Classic fungal white nose syndrome kills bats by the millions.

Marcia Wolfe
Contributor, Valley Ag Voice

Marcia Wolfe with her dogs
Marcia Wolfe, Valley Ag Voice Contributor

I do not want to talk about this. The COVID-19 disease media blitz is driving me nuts. It is the last thing I feel like writing about. It is on the news morning, noon, and night and even in between television programs. On one hand its scaring people. On the other hand, it seems to be making people behave obliviously. So, we need to talk about it. 

I was thinking, “Okay, we are scared. Why is the media acting so scared?” It simply is due to the reality that we really do not know anything about the SARS-CoV-2 virus that causes COVID-19. It is not just us who are ignorant but also the doctors and the researchers across the world. Yes, we are learning new things every day, but we have never had it before.  We do not know how to prevent it, except with an eventual vaccine. So, it is necessary for everyone to stay vigilant and follow all the recommended guidelines to at least keep the spread at bay. It is known that it has mutated from its origin in China, and it could mutate again/more. Then what? The S and L mutations in COVID-19 were in the virus’ protein “spike,” according to Dr Stephen Griffin, of the Leeds Institute of Medical Research and chair of the virus division at the Microbiology Society.

Virologist Professor Jonathan Ball said the mutations could hinder vaccine manufacturing and that the Chinese scientists’ findings would need to be studied with a larger sample of cases as the data set used was small. Professor Ball said: “At the moment we don’t have hard evidence that the virus has changed with regards to disease severity or its ability to cause infection. Consequently, we need to continue to be cautious when interpreting these kinds of computer-based studies, interesting as they might be.”

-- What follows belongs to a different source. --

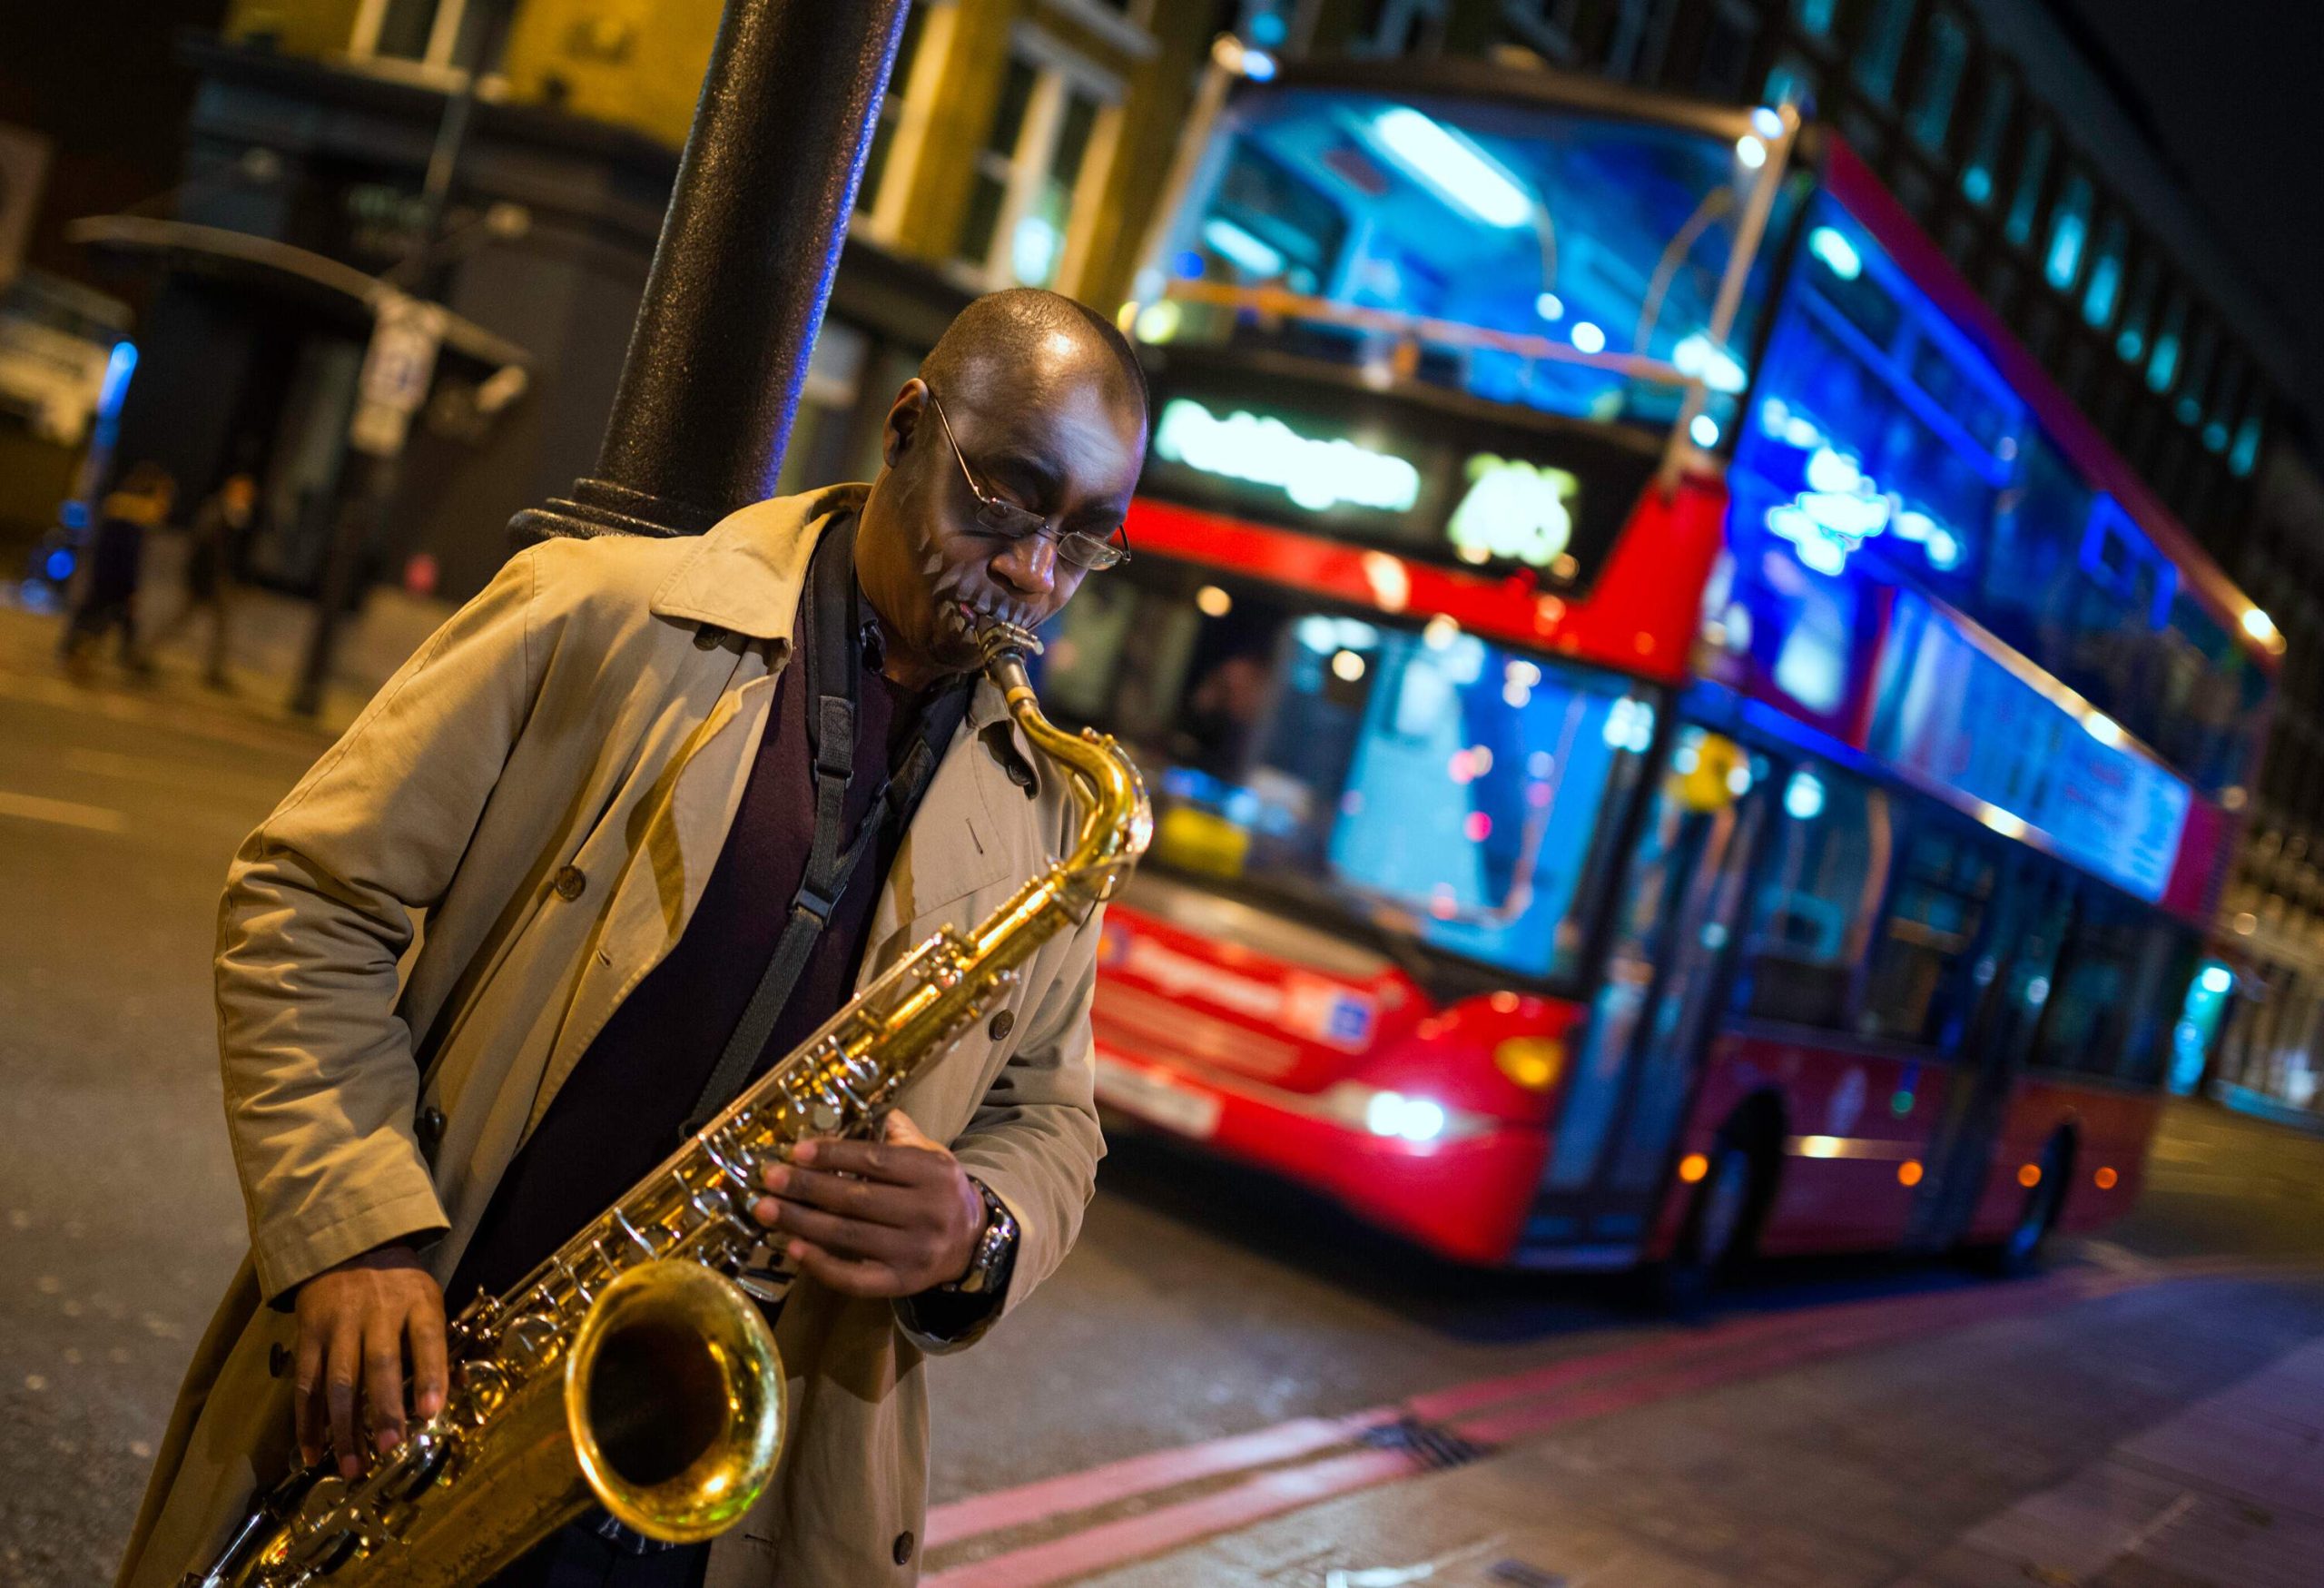 Black Street Musician in London, UK,  playing on saxophone in the evening,

Often, we humans forget that we are just one of many species of animals. Wildlife populations have suffered or in some cases gone extinct because of new or unknown diseases. Some of these include sarcoptic mange (which is now adversely affecting the endangered San Joaquin kit fox here in town), anthrax, West Nile encephalitis, Ebola, canine distemper, the plague, and many others. The worst-case scenario for any species is extinction. The bats in the northeastern United States almost went extinct in the past few years from what is referred to as white nose syndrome. It is a fungal disease presumed to be from Europe, where, oddly enough, it does not adversely affect bats at all. Somehow it got here, and the northern long eared bat population in New York lost 99 percent of its population through 2018. This fungus has now spread completely across the United States clear to the west coast in Washington. It is more recently documented with killing several bats in Texas.  But besides making the northern long eared bat in New York almost extinct, this disease has forever changed the composition and population dynamics of bats across the entire United States. With the loss of millions of bats, it is still spreading. Our bats are essential for mosquito and insect control. A bat may eat its entire weight in mosquitoes in a single night. They eat many insects that damage agricultural crops and spread diseases.  The USGS National Wildlife Health Center (2020) notes that bats’ consumption of insects saves farmers billions of dollars on pest control each year. You could not imagine a life without bats!

Recently, I received notice from the California Department of Fish and Wildlife that ten dead jackrabbits were found unexpectedly in southern California near Palm Springs.  Laboratory testing confirmed that they died from a hemorrhagic virus (not related to COVID-19) that previously has never been reported in California. The rabbit hemorrhagic virus was first recorded in China, and it is thought to be carried from rabbits imported from Europe. However, rabbit deaths from this same virus were previously documented in New Mexico, Colorado, Arizona, Texas, and Mexico. The virus may affect any type of rabbit, hare, or pika, including domestic species. So, if you raise rabbits, like us, keep them in isolation for their protection. Eventually, if rabbit, hare and pika deaths become extensive, it also will result in a cascading, adverse impact upon the many wildlife species who depend upon rabbits and hares for their food. The California Department of Fish and Wildlife is also requesting that anyone who observes dead rabbits in the field to please report the locations to them (916-358-2790), and call your veterinarian if your own domestic rabbits die so they can track the rate and locations of the potential virus spread. For the most part, the sick rabbits do not exhibit symptoms but may have blood on their noses and mouths. As a precaution, if you find a dead rabbit in the field (or at home), do not touch or move it. If you are a rabbit hunter, you want to be sure to use gloves and protective gear while dressing them. Washing your hands is always recommended for this virus as well, as for all germs. That’s right. You heard it here first: washing your hands is top priority.

As COVID-19 continues to be researched worldwide, vaccines and treatments are being experimentally evaluated. Since its identification first in January 2020, its presence is documented on every continent in the world, except Antarctica.  Having worked in microbiology, I am sure that our medical research scientists eventually will develop successful vaccines and ultimately treatments. It just takes a lot of time.